Dont feed them meal worms. The chitin in their exoskeleton is hard for them to digest. Dont buy them feeder fish, as they add ammonia to the water supply, and can nibble the axie's gills. Use a staple of Axolotl Pellets, and treat them with earthworms and bloodworm.


----------



## RevDaniel (Feb 6, 2007)

Can we have puctures of them?


----------



## DrNick (Feb 6, 2007)

Axellotto sounds like a lottery with a juvenile/larval amphibian as a prize, LOL :lol: 

Agreed that meal worms are probably not the best staple diet for them.


----------



## cobb (Feb 10, 2007)

i feed mine frozen beef heart from the pet shop. its $8 for 40 peices which lasts 80 days. very easy and leaves almost no mess in the water.


----------



## El_magnifico (Feb 10, 2007)

Make sure they are cool
They don't like warm water


----------



## nook171 (Feb 10, 2007)

do not feed them just on pellets aswell as it will give them a liver diease


----------



## mertle (Feb 11, 2007)

These are my nephews Axolotls and he asked in my name, he has his own name in here now so hopefully he will get the help he needs next time he needs it


----------



## Snake Catcher Victoria (Feb 11, 2007)

they love spiders, moths,crix(back legs removed for smaller ones),
bigger ones will eat pinky mice but only as a treat every 3 months or so.
i used to powerflick the feeder fish and feed them stunned on tweezers.


----------



## wood_nymph (Feb 15, 2007)

gaara said:


> Dont feed them meal worms. The chitin in their exoskeleton is hard for them to digest. Dont buy them feeder fish, as they add ammonia to the water supply, and can nibble the axie's gills.
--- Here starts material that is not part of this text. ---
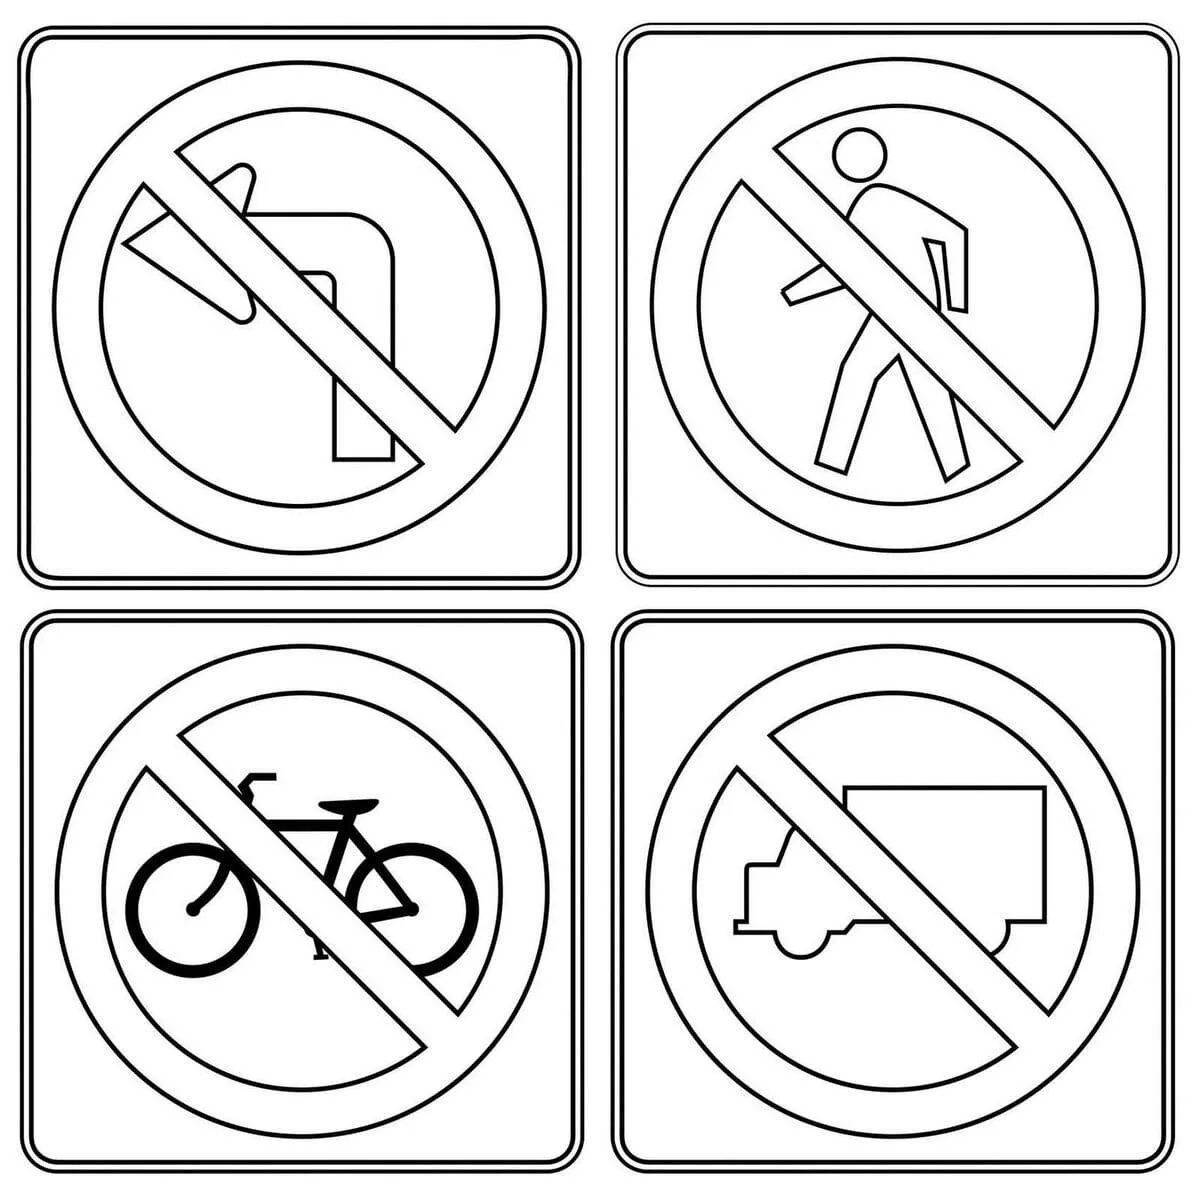 A playful road sign coloring page for schoolchildren

Use a staple of Axolotl Pellets, and treat them with earthworms and bloodworm.


 
i agree with this 100% meal worm should be treats, too risky as a staple. if you do buy feeder fish only buy a few and avoid them all together if they're a barb species (they're pretty common as feeders). when i kept them i fed mine small pieces of beef liver and that kept him happy.


----------



## Adam (Feb 16, 2007)

Beef liver and beef heart cut into thin slices was the best when I used to breed them.


----------



## ollieham (Feb 18, 2007)

i feed mine beef heart cubes aswell, from the pet shop, mine loves them


----------



## sxc_celly (Mar 5, 2007)

Dont Feed Them On A Staple Of Those Axolotyl Pellets, Theyre Rubbish, Ive Never Seen One Eat Them. They Just Rot And Foul The Water. Plus They Give Liver Problems. Id Use Beef Piece And Meat Type Products. Earthworms Etc Are Great Too. Mealworms Should Be A Treat!


----------



## midori_luke (Mar 5, 2007)

also, dont know if anyone else has had this, but one of my axelotyls wasnt feeding and he seemed to have a bloated belly, then one time i caught him eating the fish tank pebbles off the bottom of the tank!!! i picked him up in the water and gave him a swift shake and he spat out quite a few pebbles and decided he was hungry, then started feeding again, needless to say i got rid of the pebbles.. strange little guy...


----------



## Possum (Mar 5, 2007)

midori_luke said:


> i picked him up in the water and gave him a swift shake and he spat out quite a few pebbles ...



Are you allowed to shake your Axy's?


----------



## midori_luke (Mar 5, 2007)

well i wouldnt recommend it for a hobby, but in this case i felt it was neccesary, and hey, it fixed him rite up!


----------